We have a common tax board. We have the ombudsman where we will not have people paying double taxation. We can resolve the issue of taxes. Companies are now paying 25% instead of 30% company tax. If you’re earning 70,000 and below, you don’t have to pay tax. Military is exempted. Yes, I can go on more tax drive. And Oyedele has put the benchmark. We might be able to get as much as N40 trillion. You see, we are not any money in mind in our agriculture because of the unrest. We must call this, pay this, pay. We haven’t got any rights in the issue of security.
It’s not here to grow. But you can see a clear light at the end of the tunnel. So why would they not flock to the EFCC? He has taken those bold steps as a first-term President.
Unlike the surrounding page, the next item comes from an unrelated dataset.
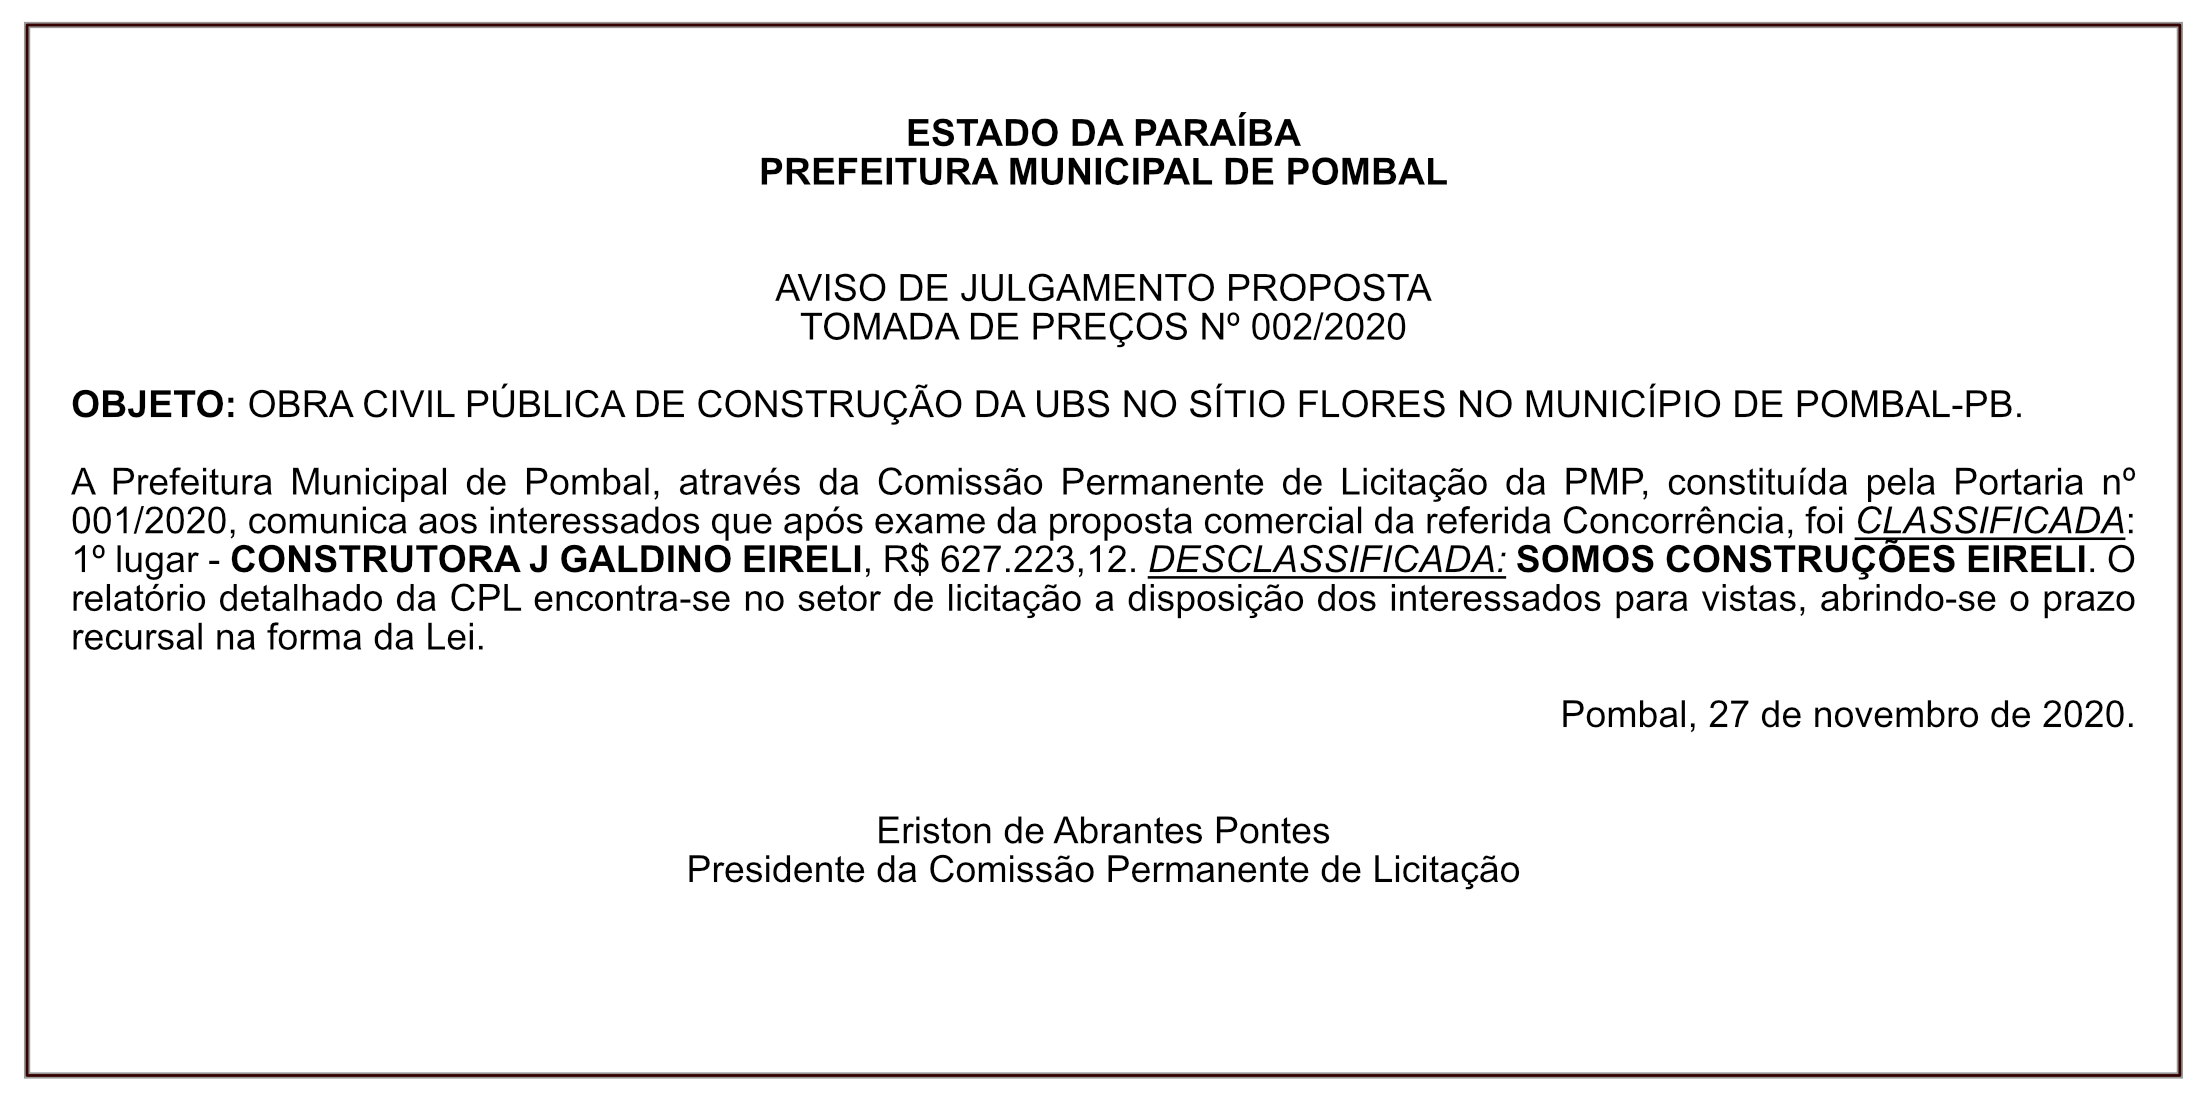 PREFEITURA MUNICIPAL DE POMBAL – AVISO DE JULGAMENTO PROPOSTA – TOMADA DE PREÇOS Nº 002/2020

Very few people can take the bold step he has taken because he’s seen that, look, successive governments have eaten into the future of our children and children’s children.
And so that is why somebody like me who was a staunch member, who had PDP in his blood and DNA can say today I’m in the APC. And you see, I left the PDP in 2022, but I didn’t join the APC. On the 6th of June was when I left the PDP in 2022. Most people think I just left now. No, I didn’t make it bold. I didn’t join the APC. I only joined the APC after I started working with Senator Godswill Akpabio. That’s when I joined the APC.
Don’t you think that Nigerians will be worse for it if we have a very weak opposition?
No, I don’t think we’re going to have a weak opposition. What I think the opposition should do is put their acts together. I’m a student of Political Science. I’ve always believed in opposition. Opposition will put the government at its toes.
I must be realistic. But when you have an Atiku Abubakar who still say, ‘look, I want to run,’ you have the Peter Obis, saying, ‘I want to run,’you have the Rotimi Amaechis, saying, ‘I want to run,’ they’re going to dissipate their energy. And you have PDP saying, look, we don’t want a coalition.
I saw the situation that we had in PDP, especially when we say not to allow the South-South to decide to become… I was supporting Obi in the PDP. But once they decided to throw the tickets open, I knew that there was going to be crisis.